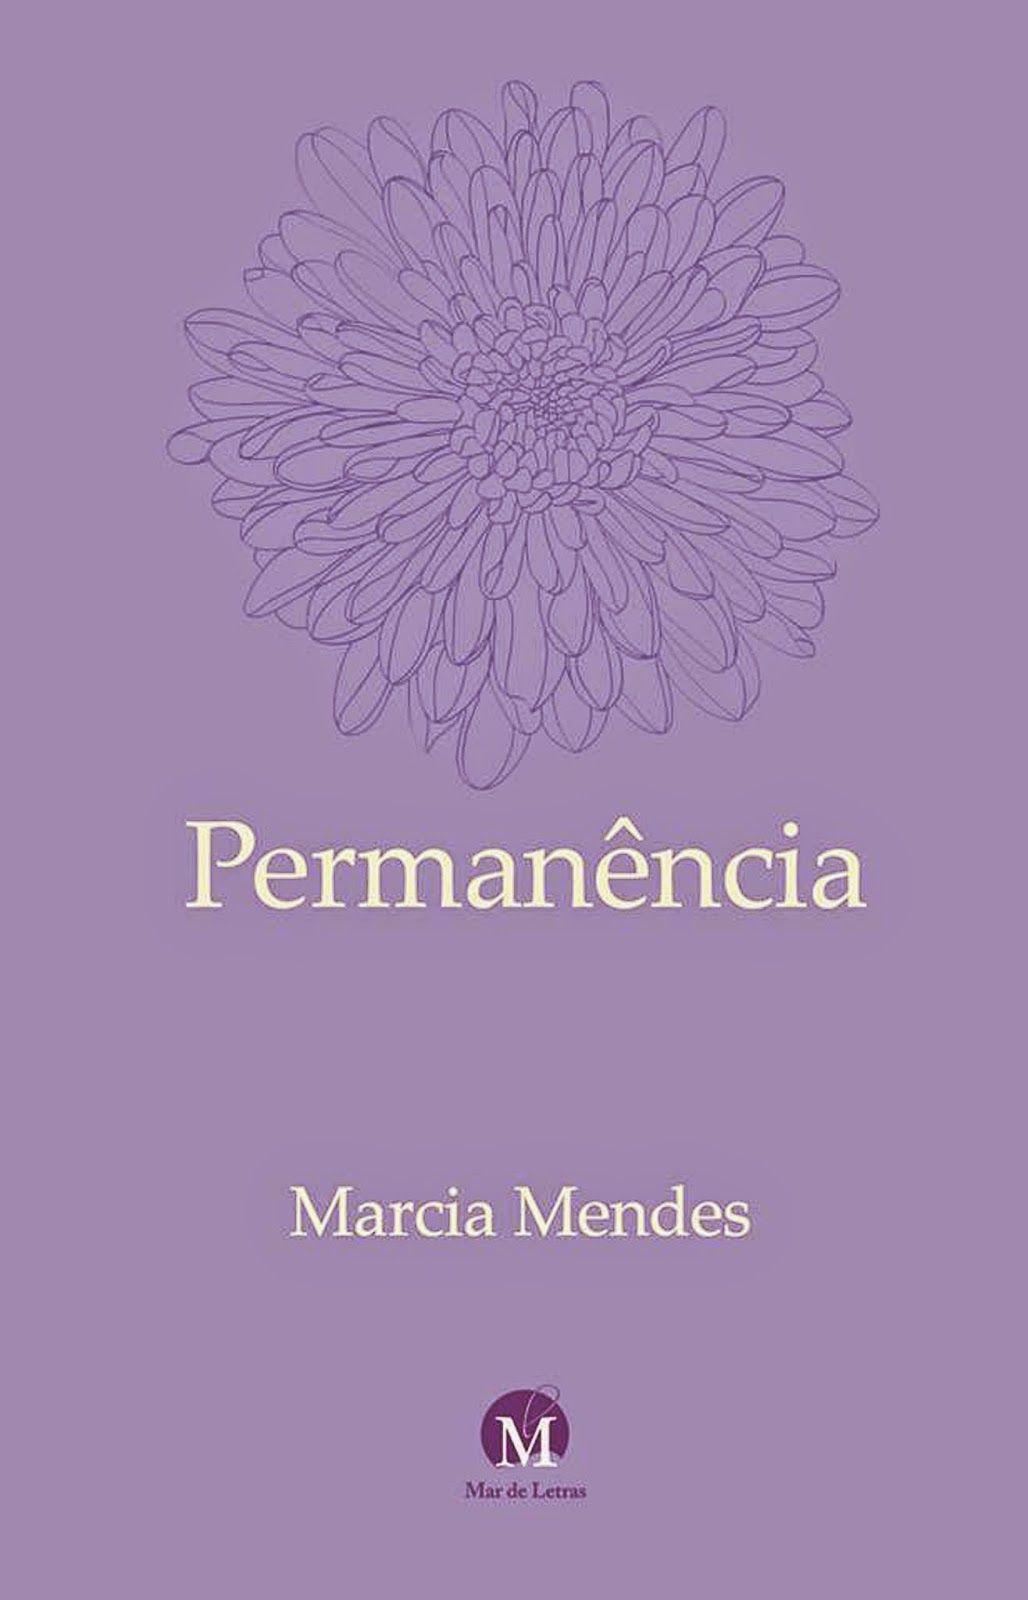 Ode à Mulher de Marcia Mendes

==

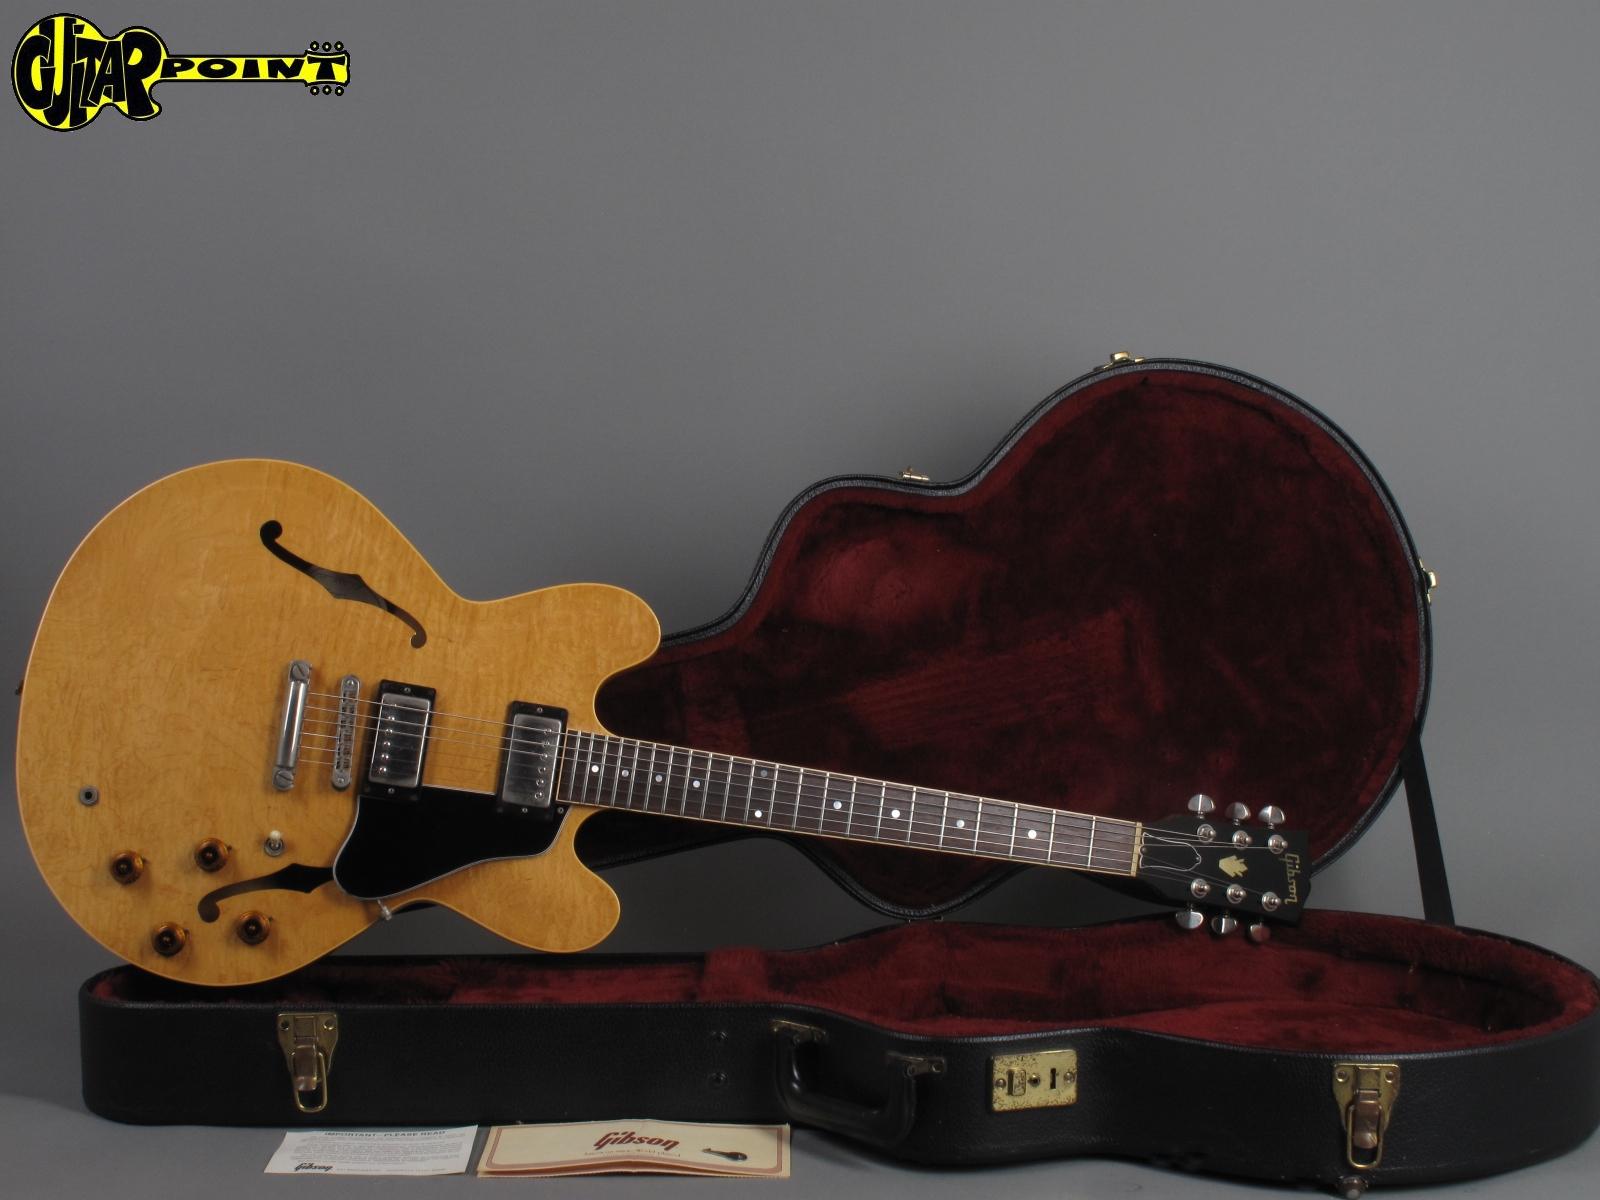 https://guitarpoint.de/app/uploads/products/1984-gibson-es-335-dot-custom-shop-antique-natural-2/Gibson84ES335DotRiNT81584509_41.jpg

* * *

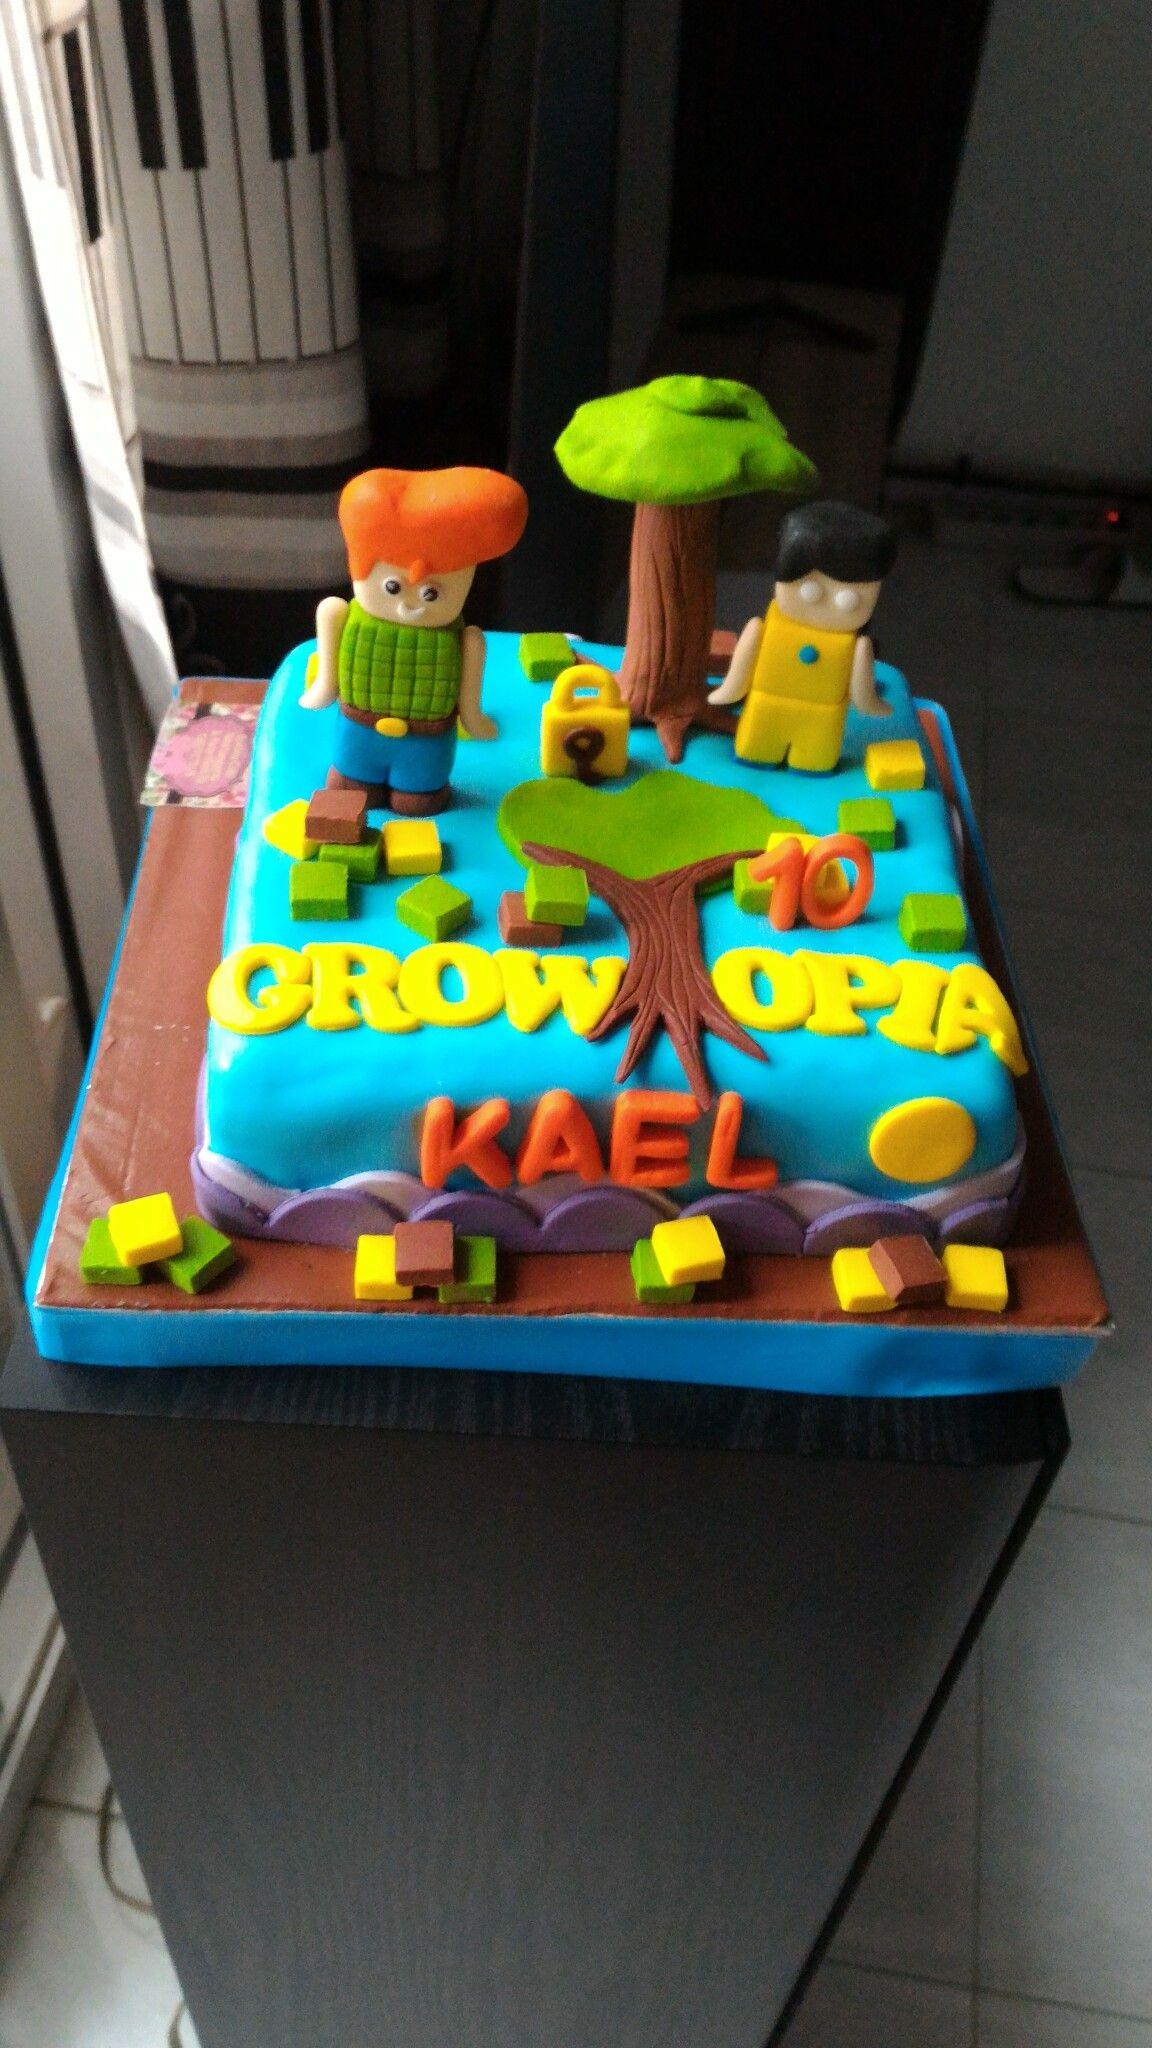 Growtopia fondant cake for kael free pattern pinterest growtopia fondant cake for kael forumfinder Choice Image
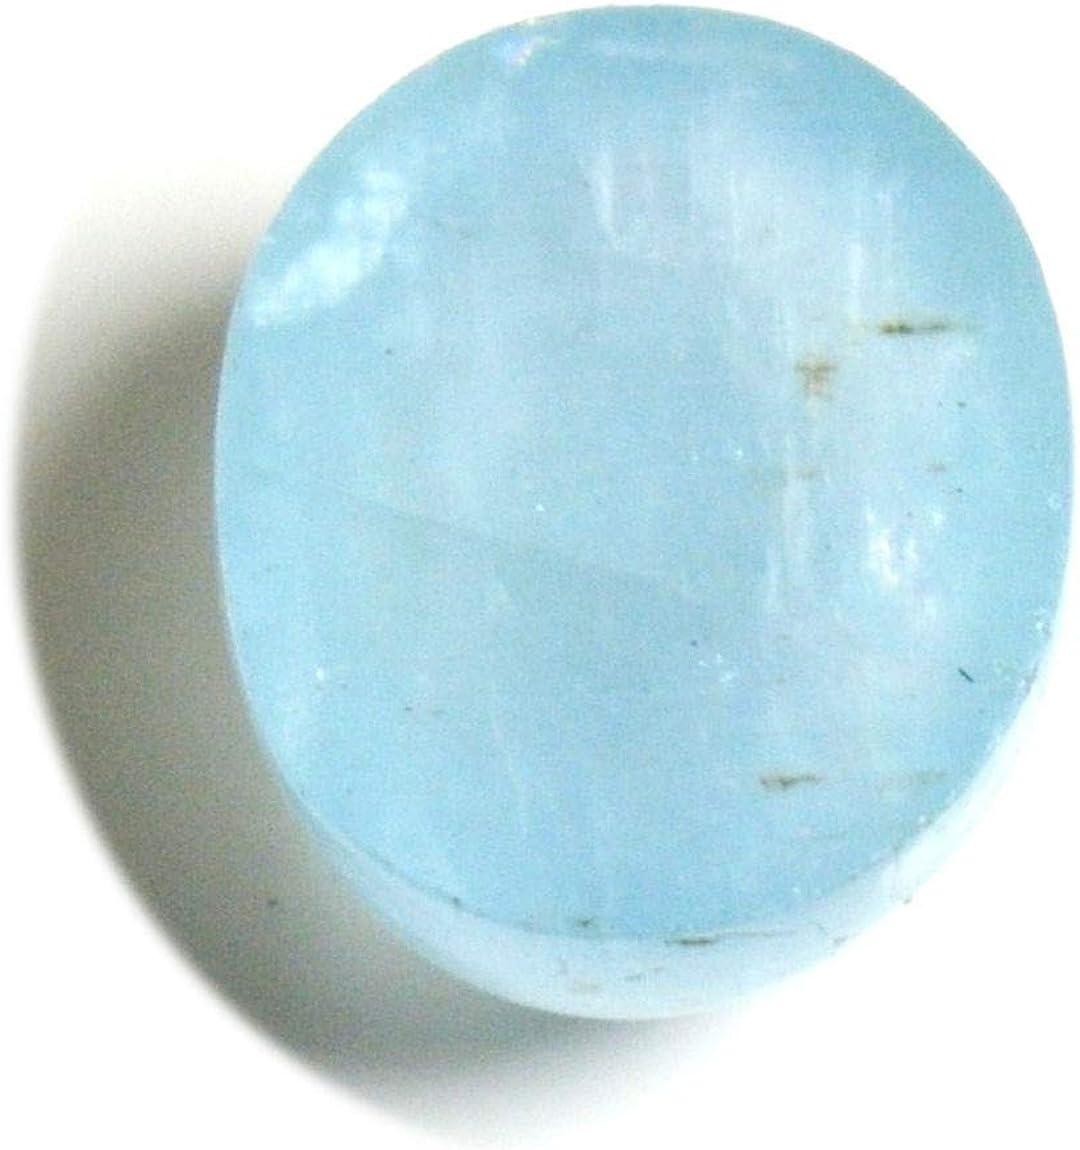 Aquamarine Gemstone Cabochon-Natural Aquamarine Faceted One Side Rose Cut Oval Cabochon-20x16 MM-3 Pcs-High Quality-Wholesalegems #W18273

> _How to complete this task_:
Would you copy out, exactly and with no pictures, only the lines above from the one that contains "Growtopia fondant cake for kael free" through the one that contains "Aquamarine Gemstone Cabochon-Natural"?

> _Reply to the exercise_:
 Growtopia fondant cake for kael free pattern pinterest growtopia fondant cake for kael forumfinder Choice Image
 Aquamarine Gemstone Cabochon-Natural Aquamarine Faceted One Side Rose Cut Oval Cabochon-20x16 MM-3 Pcs-High Quality-Wholesalegems #W18273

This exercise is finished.